The input =

•••••

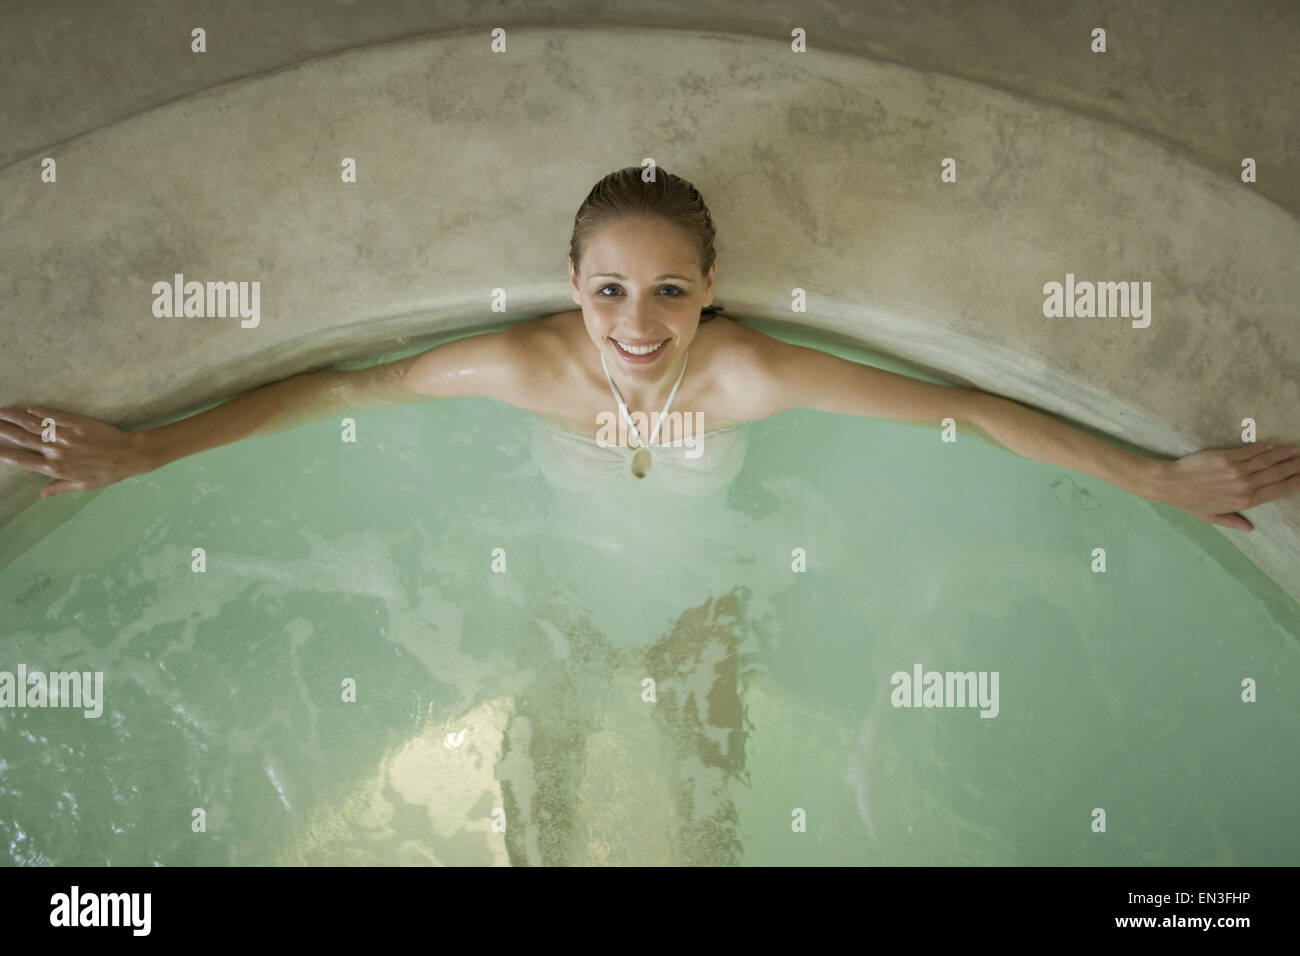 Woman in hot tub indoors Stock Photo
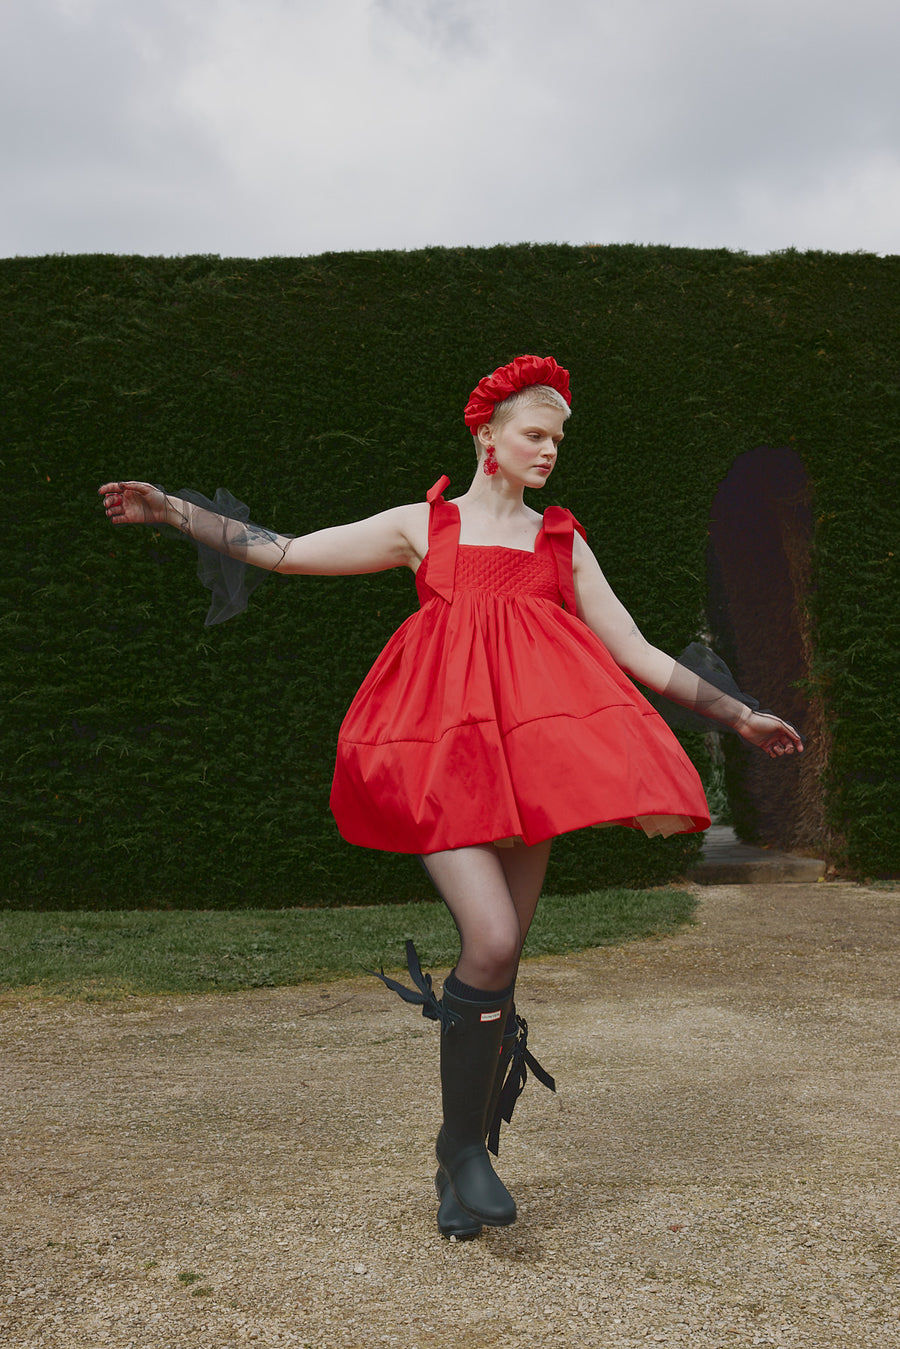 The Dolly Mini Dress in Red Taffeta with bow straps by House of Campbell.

•••••

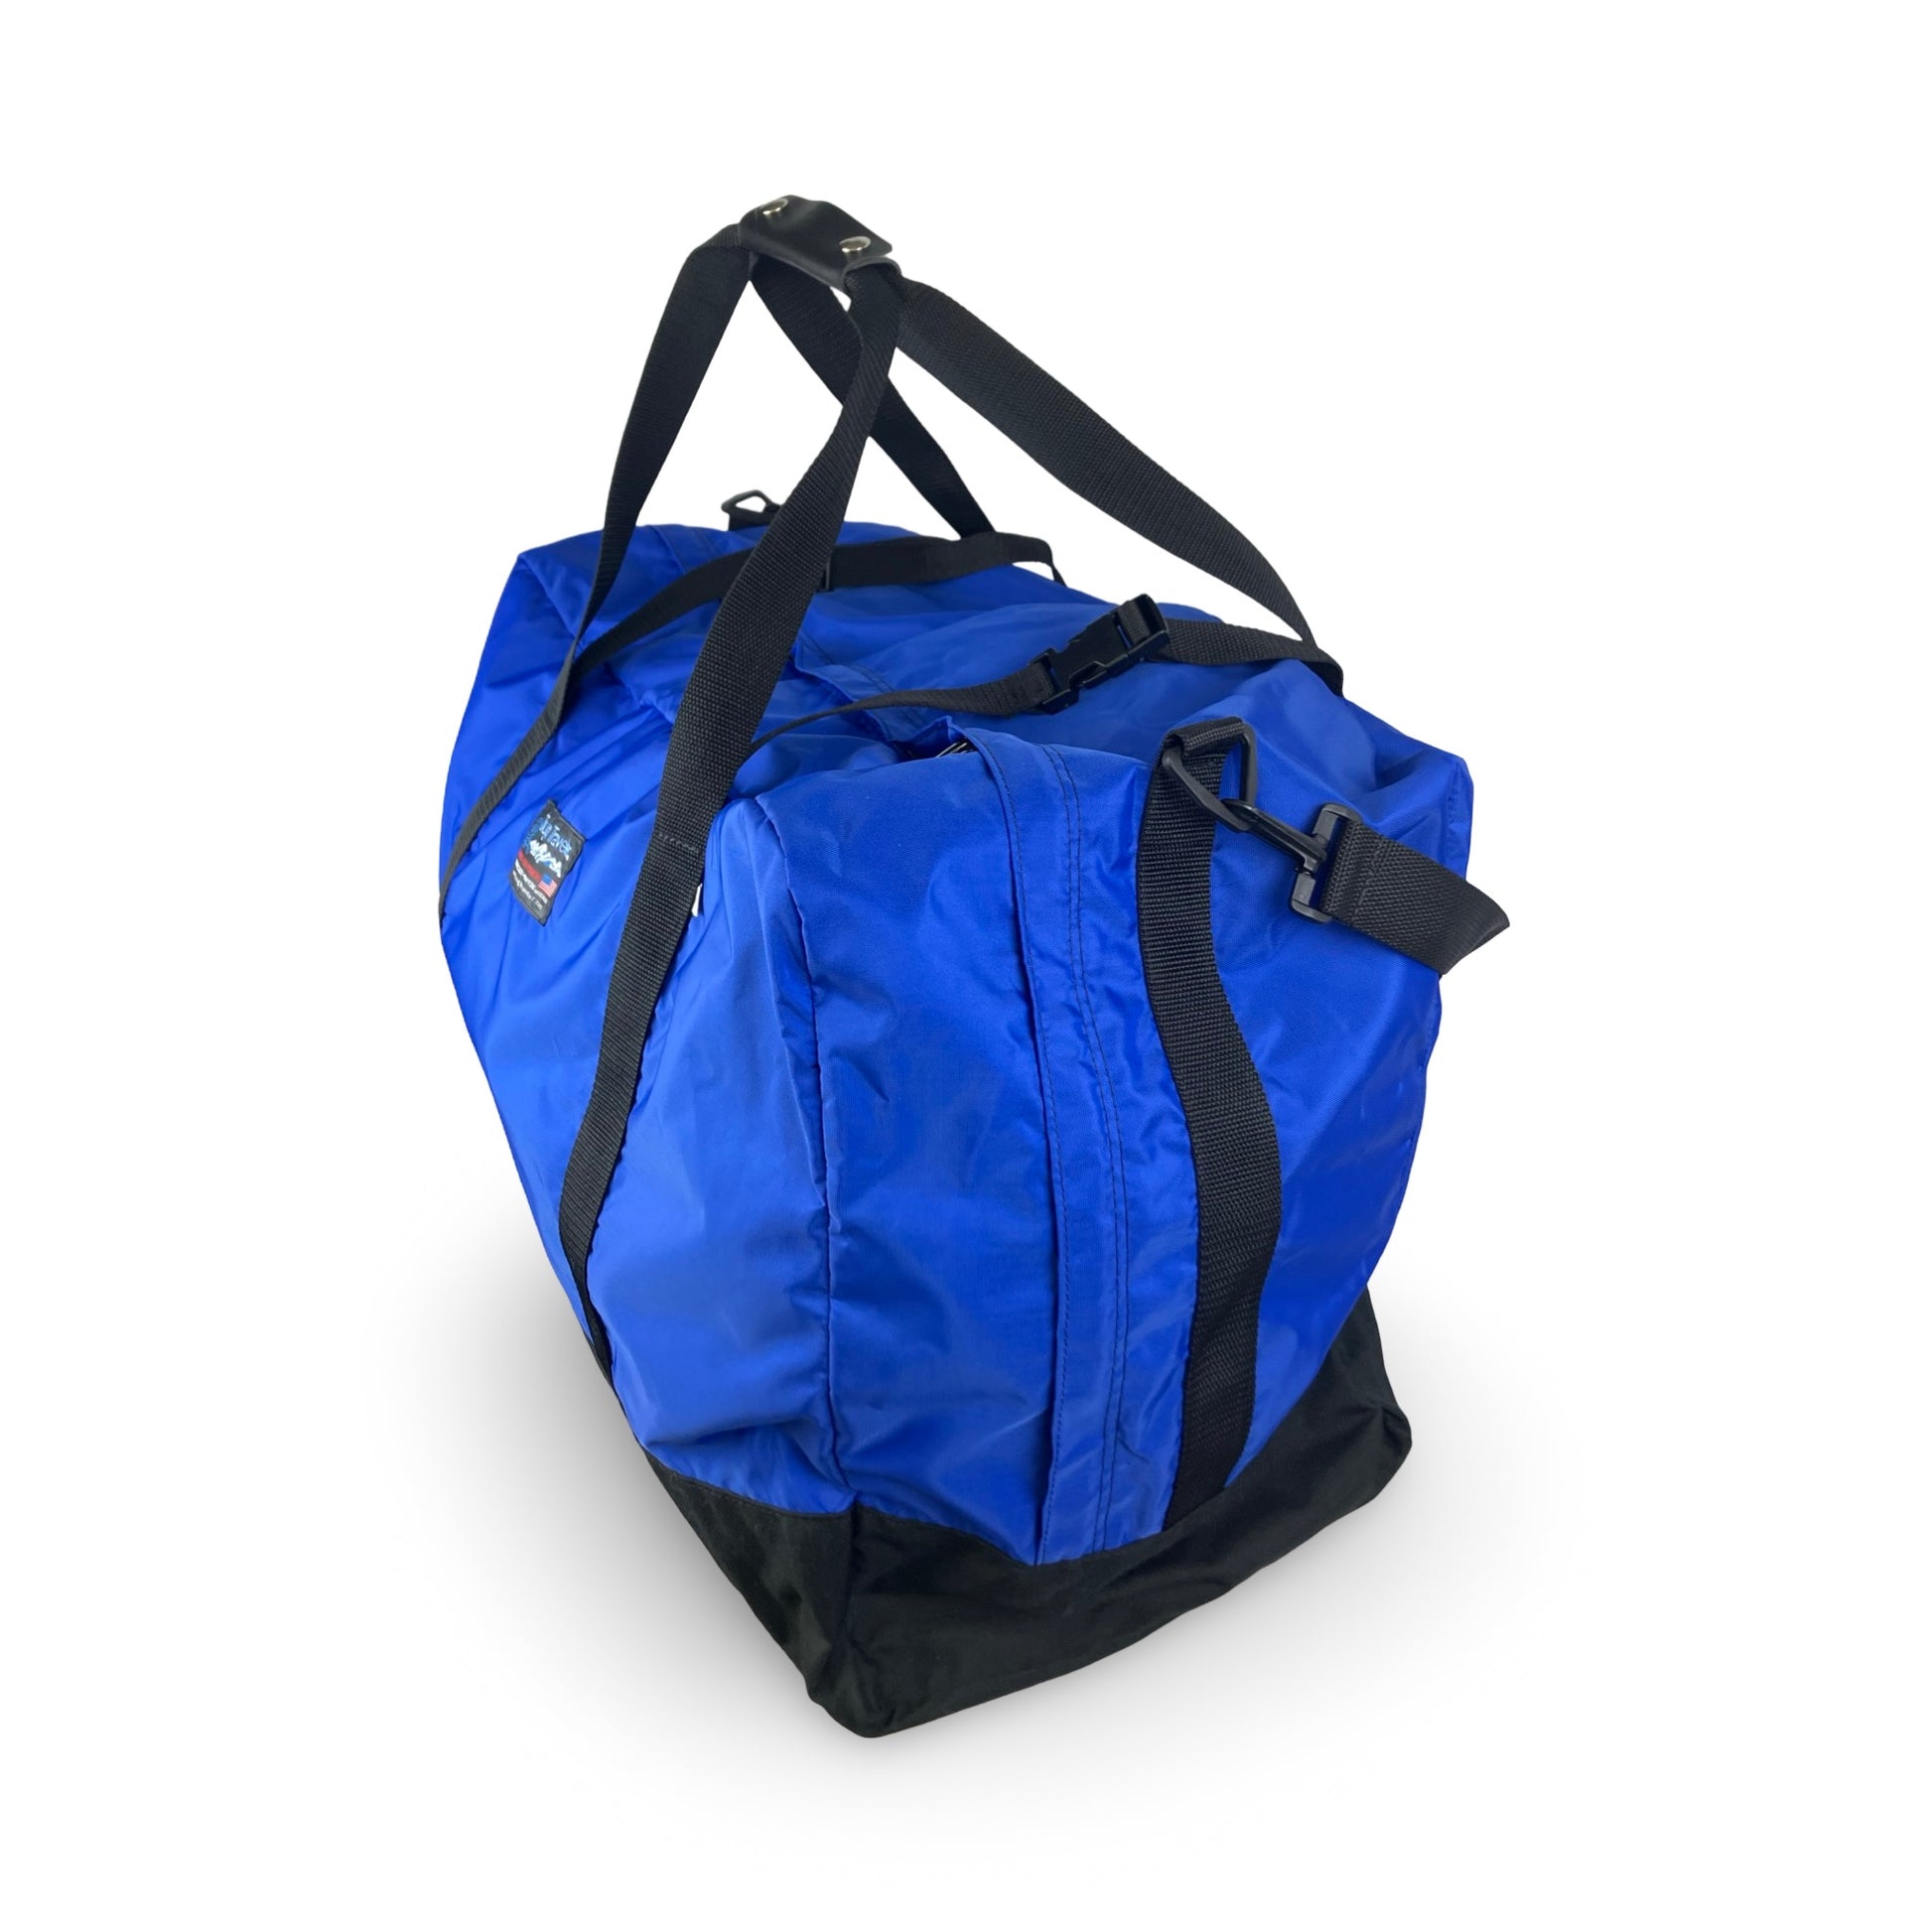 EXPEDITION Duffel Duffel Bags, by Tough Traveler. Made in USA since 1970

•••••

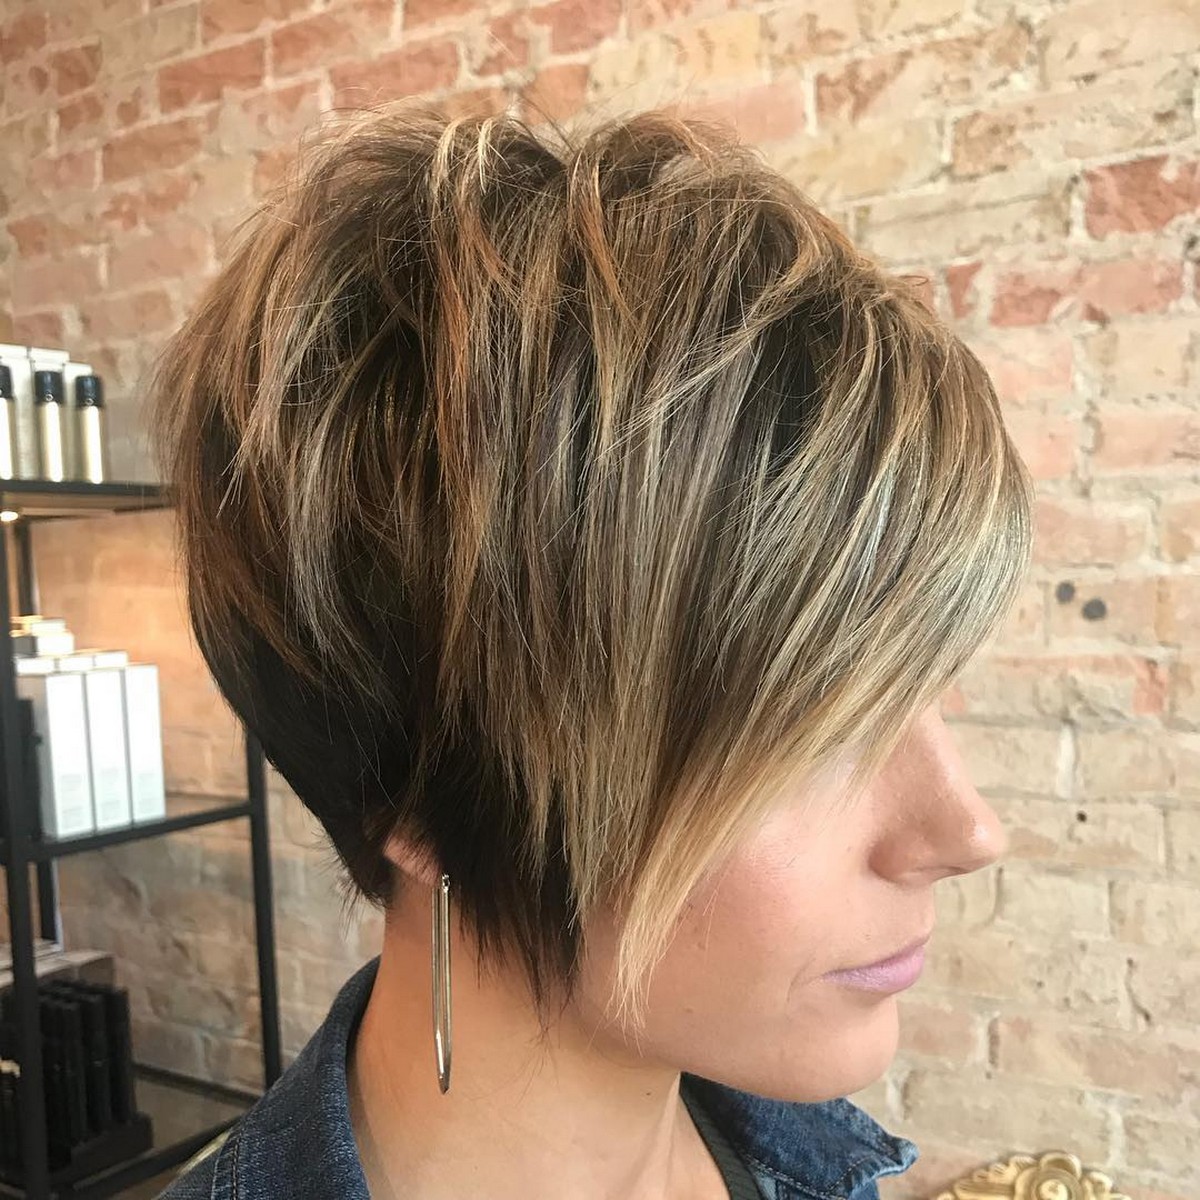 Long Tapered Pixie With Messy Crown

•••••

Task goal = Repeat exactly, and only, the entries from the line with "Woman in hot tub indoors Stock Photo" through the line with "The Dolly Mini". Pictures are skipped.

Task output =
 Woman in hot tub indoors Stock Photo
 The Dolly Mini Dress in Red Taffeta with bow straps by House of Campbell.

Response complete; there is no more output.